Turkish warplanes often bomb PKK hideouts in northern Iraq while the security forces sporadically launch cross-border incursions in pursuit of rebel fighters.

Three Turkish soldiers were killed Sunday in an attack by the PKK in Iraq’s southeastern Hakkari province, state-run Anadolu news agency said.

President Recep Tayyip Erdogan has repeatedly threatened a major cross-border operation to dislodge the group from its strongholds.

“To us, it is a question of timing now. It is not a question of operation,” Soylu said. “Qandil will become a safe area for Turkey. Nobody should doubt it.”

It is in this area that the PKK’s military leadership such as Murat Karayilan and Cemil Bayik are believed to be based.

Top PKK leader Abdullah Ocalan is serving a life sentence on a prison island off Istanbul following his capture in 1999.

The northern Iraq operations come as Turkey prepares for June 24 parliamentary and presidential polls.

Erdogan Sunday sought to persuade voters in the heartland of Turkey’s Kurdish minority to vote for him, arguing his party had done the most to rebuild the area and find peace after years of violence.

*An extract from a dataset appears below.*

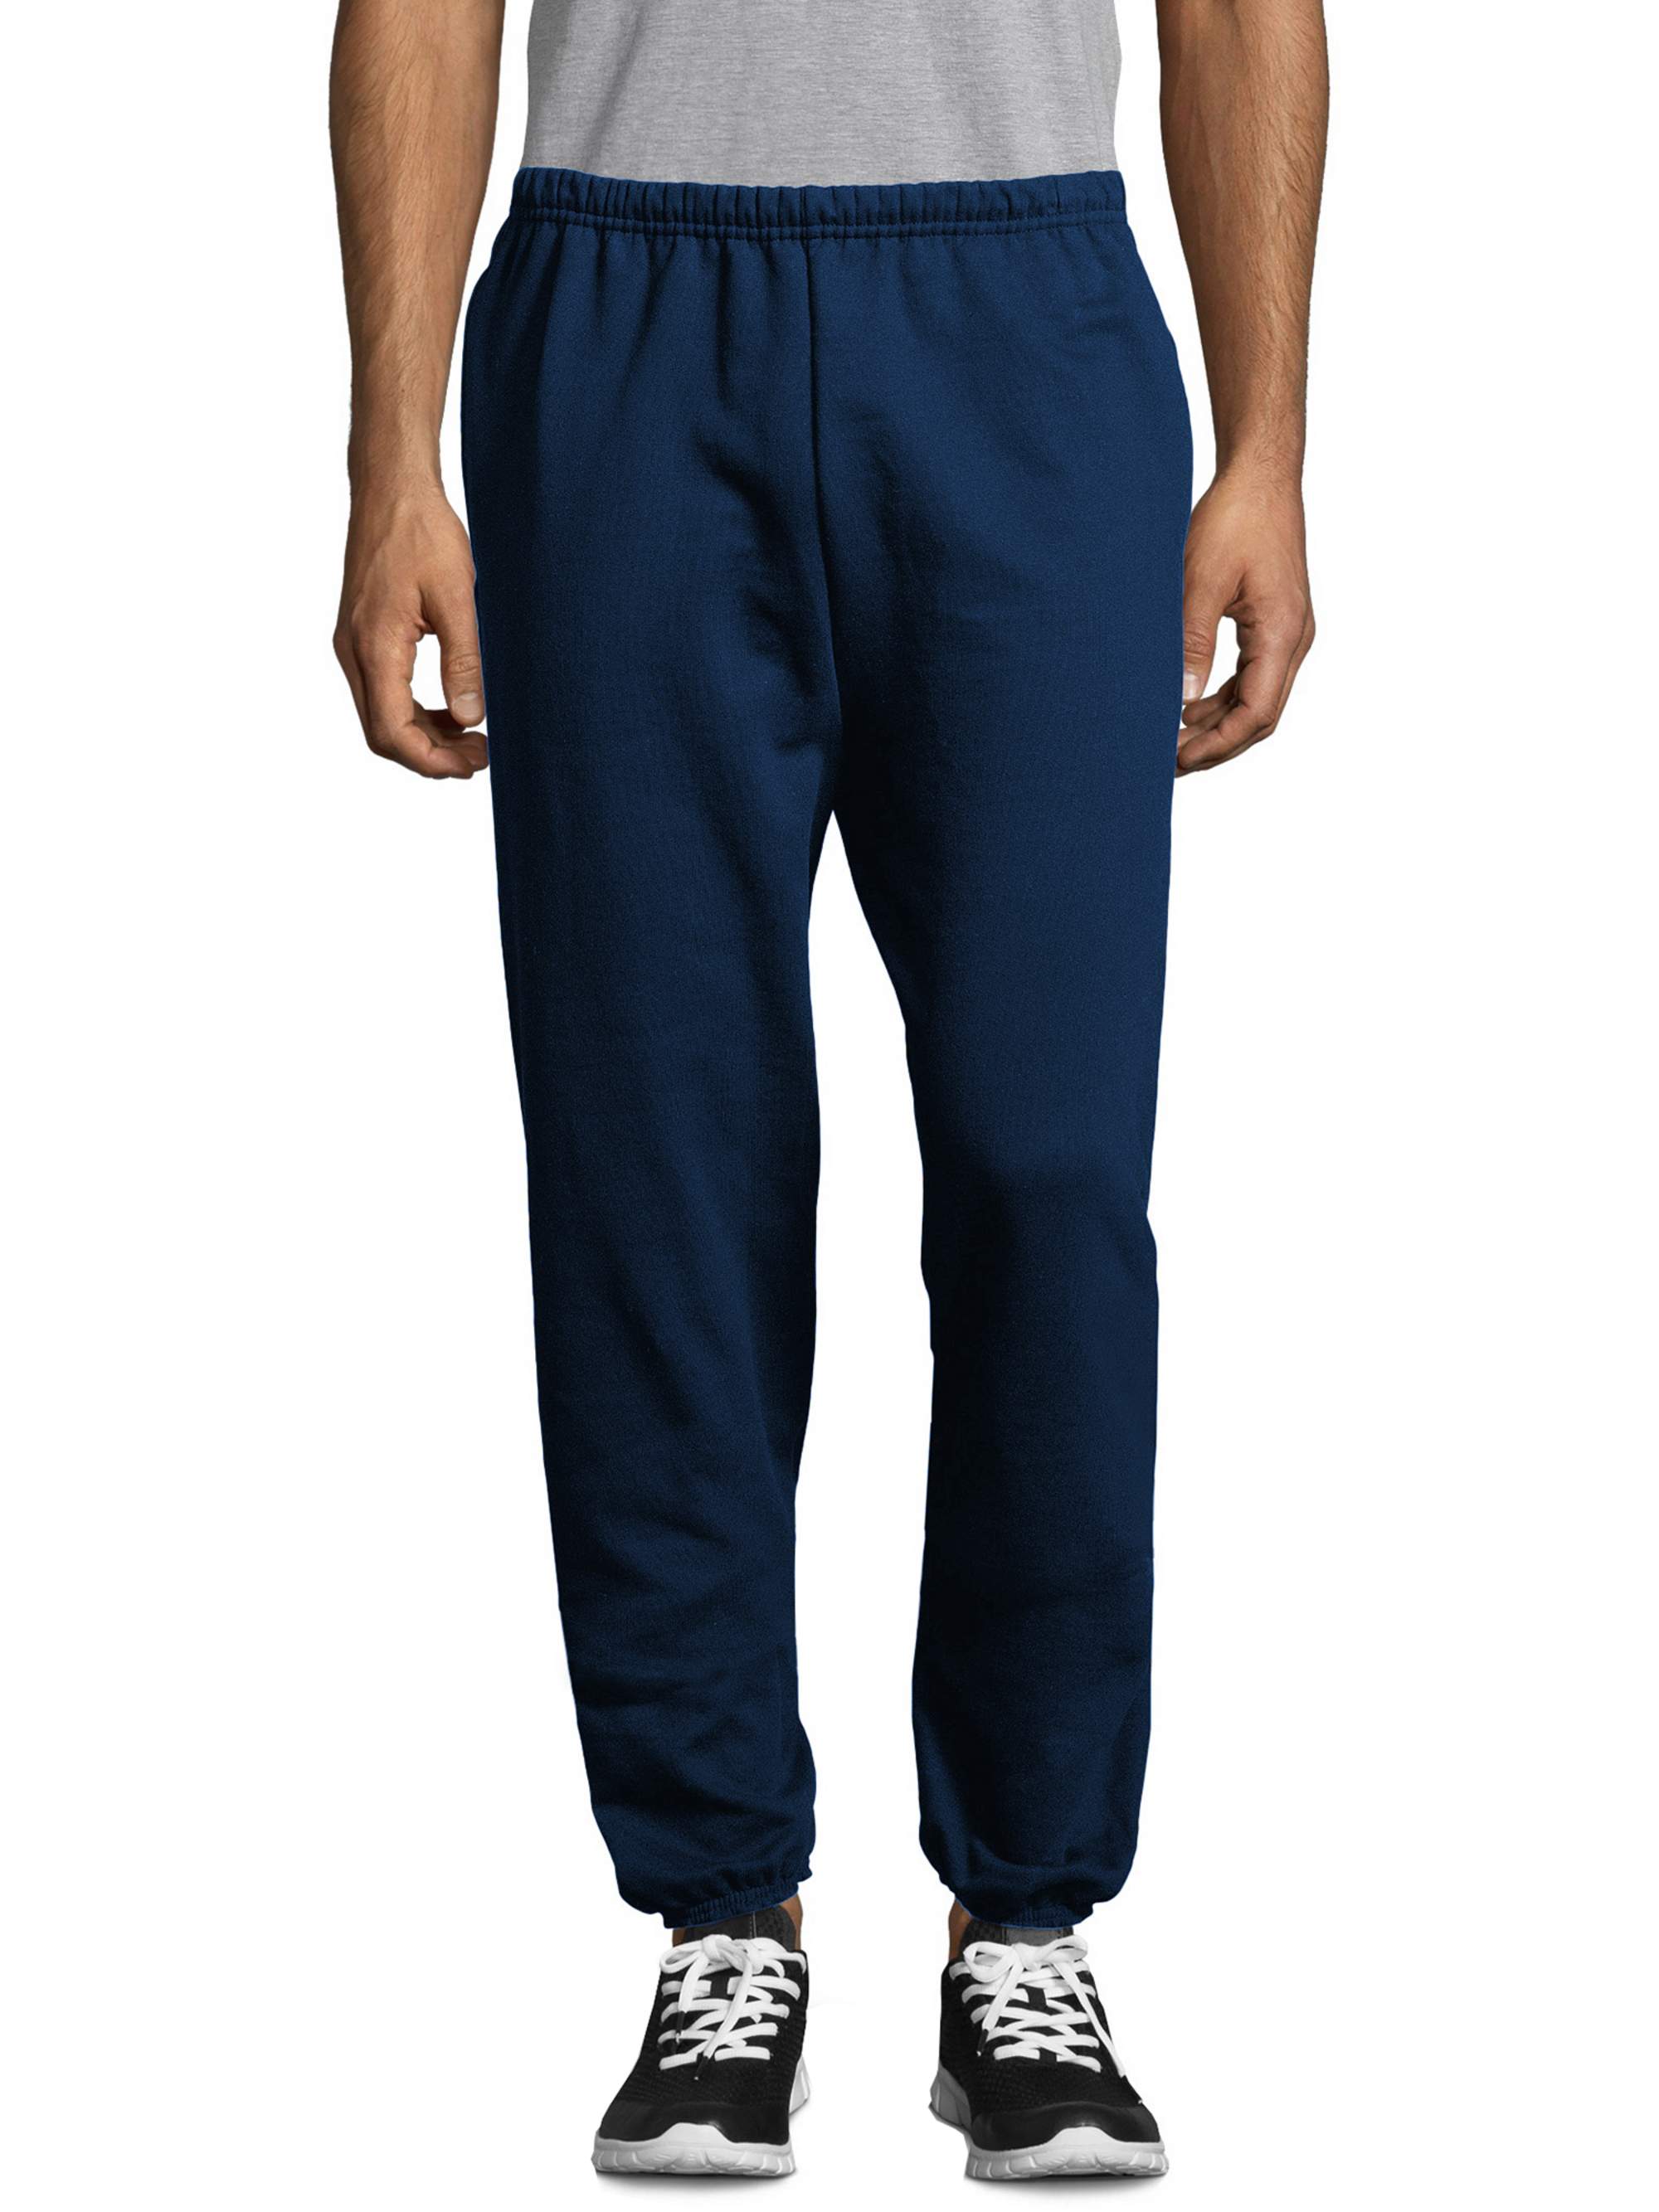 Hanes Sport Men's and Big Men's Ultimate Fleece Sweatpants with Pockets, Sizes S-3XL - image 1 of 5
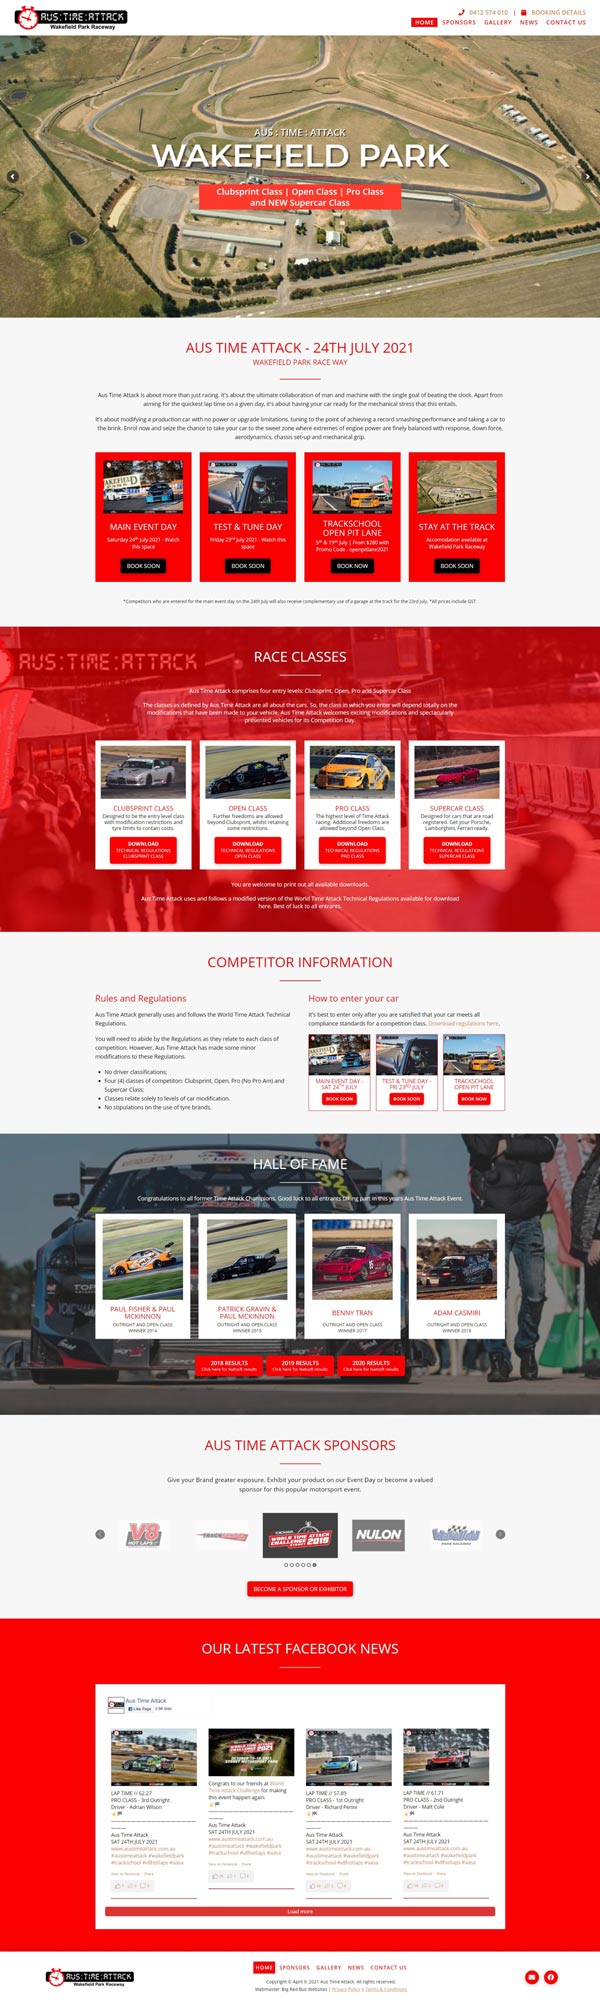 Aus Time Attack website designed by Big Red Bus Websites - ezample 1

Erdogan told a mass rally attended by thousands in the Kurdish-majority southeastern city of Diyarbakir that the area was enjoying “peace like never in the last 40 years” and that the “state had never been so close to the people.”

Turkey’s Kurds, estimated to make up at least one fifth of the population, will be crucial in determining the outcome of the parliamentary and presidential polls.

While large numbers are expected to vote for the Peoples’ Democratic Party (HDP) which is focused on Kurdish interests, Erdogan’s ruling Justice and Development Party (AK Party) has been able to count on solid support from religiously conservative Kurds.

Erdogan launched a lacerating attack on the HDP, saying “we (the AKP) build but they destroy.”

The AK Party accuses the HDP of being the political front of the PKK and being complicit in militant violence, charges the party denies.